*** Records for this exercise ***

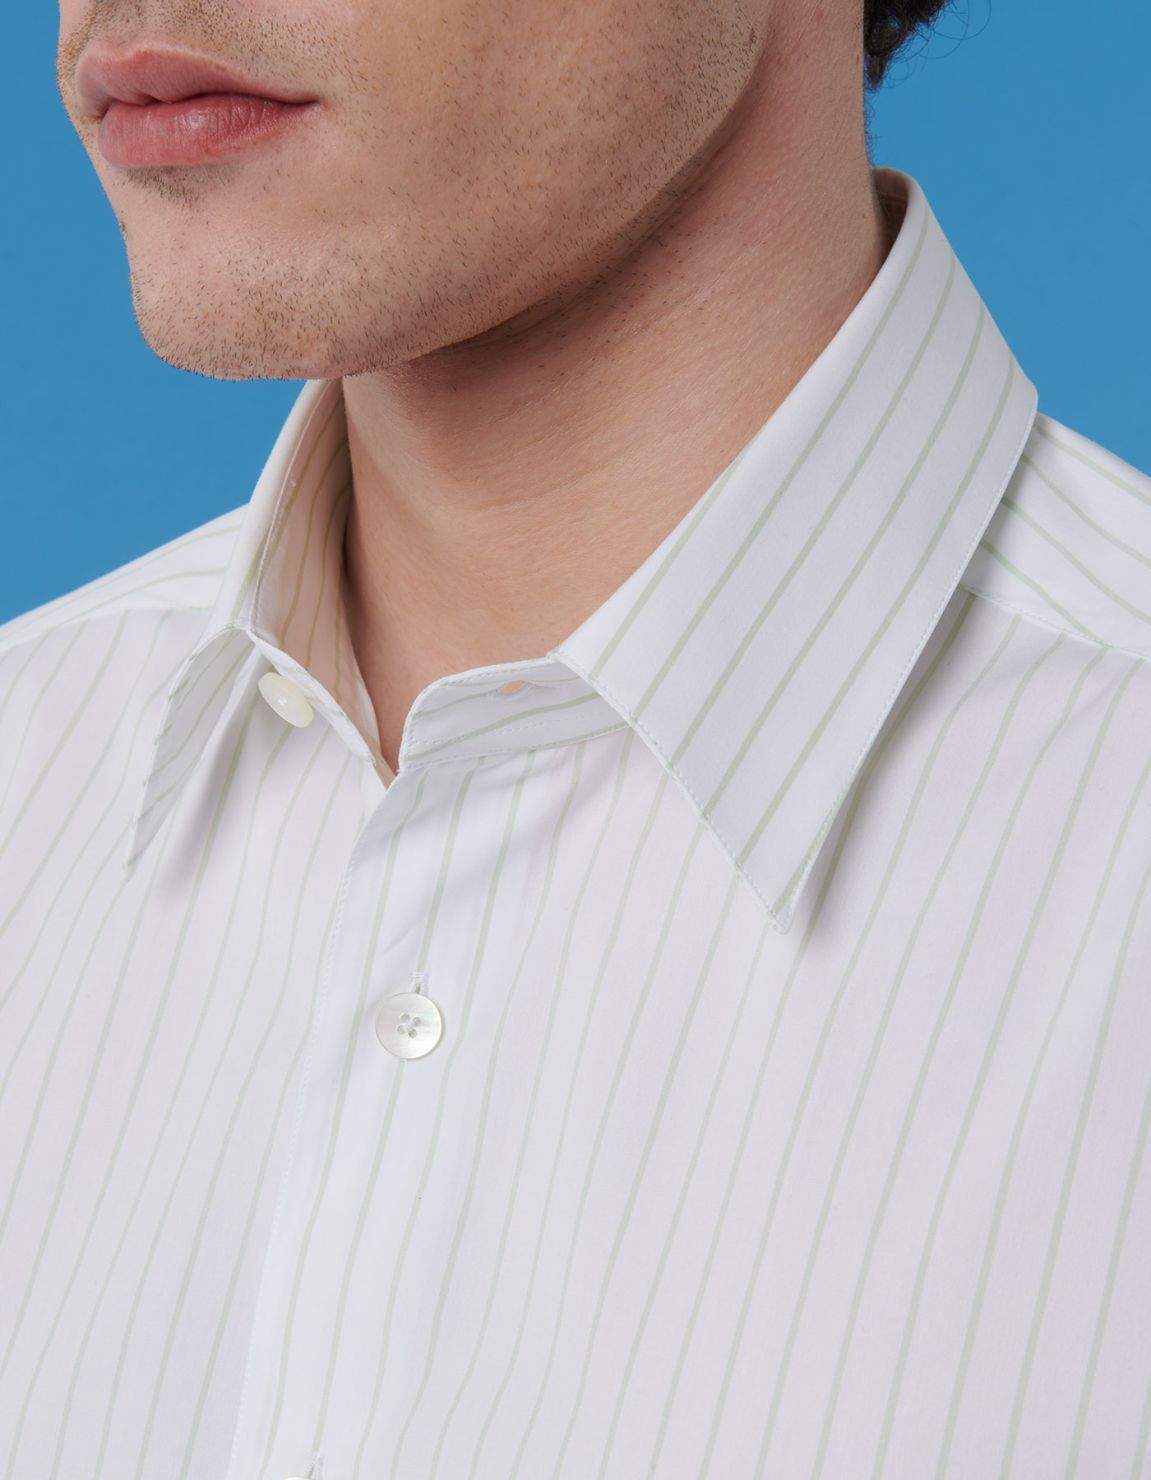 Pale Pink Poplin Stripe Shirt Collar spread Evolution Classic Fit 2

*** End of Records for this exercise ***
*** Records for this exercise ***

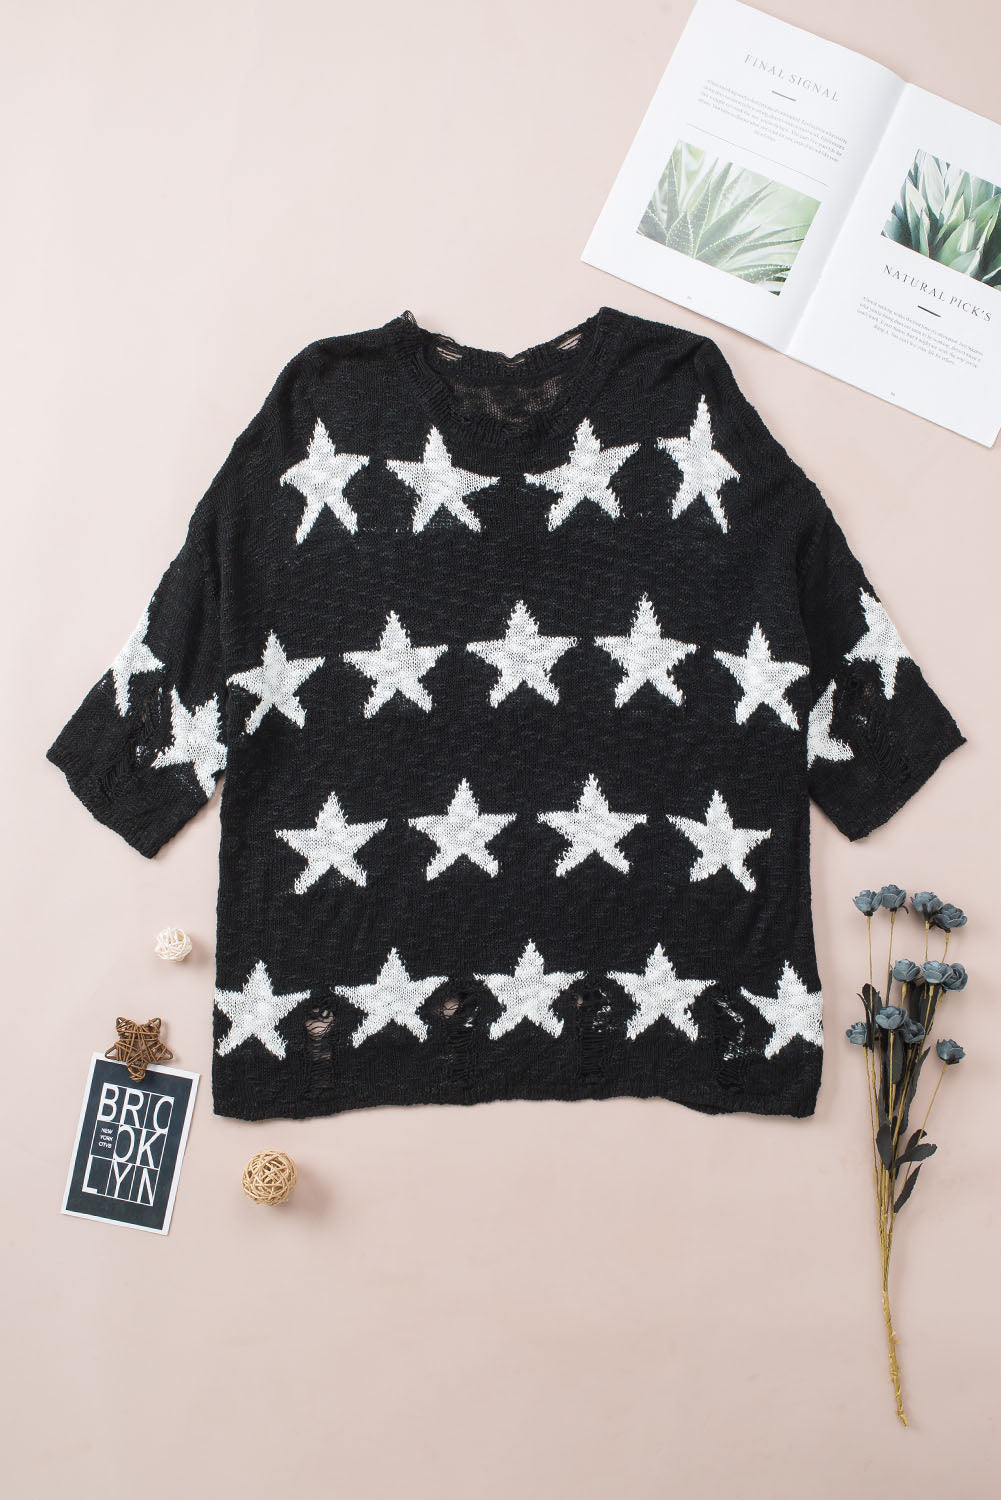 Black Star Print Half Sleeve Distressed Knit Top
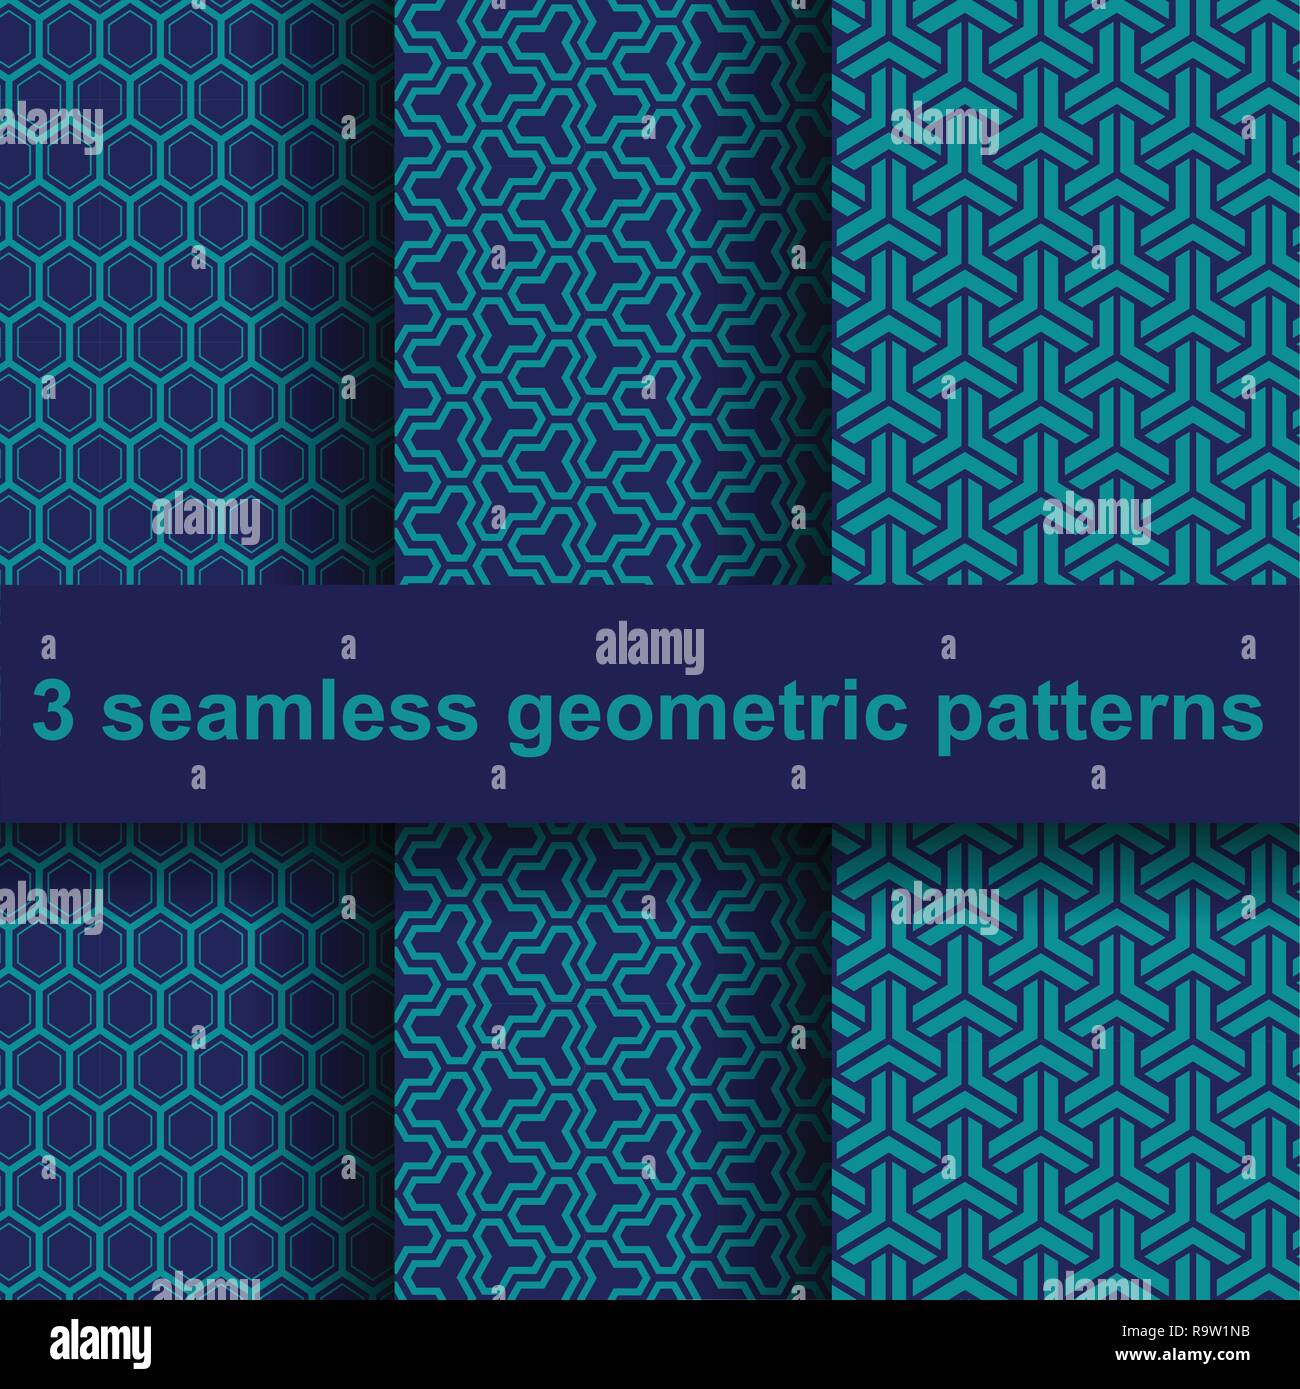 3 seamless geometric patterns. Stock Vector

*** End of Records for this exercise ***
*** Records for this exercise ***

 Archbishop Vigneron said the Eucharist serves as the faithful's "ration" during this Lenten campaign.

*** End of Records for this exercise ***

* _What is being asked_: The output is the stretch above from the line with "Black Star Print" through the line with "3 seamless geometric patterns. Stock Vector", copied word for word with both ends kept and every picture dropped.

* _Task solution_:
 Black Star Print Half Sleeve Distressed Knit Top
 3 seamless geometric patterns. Stock Vector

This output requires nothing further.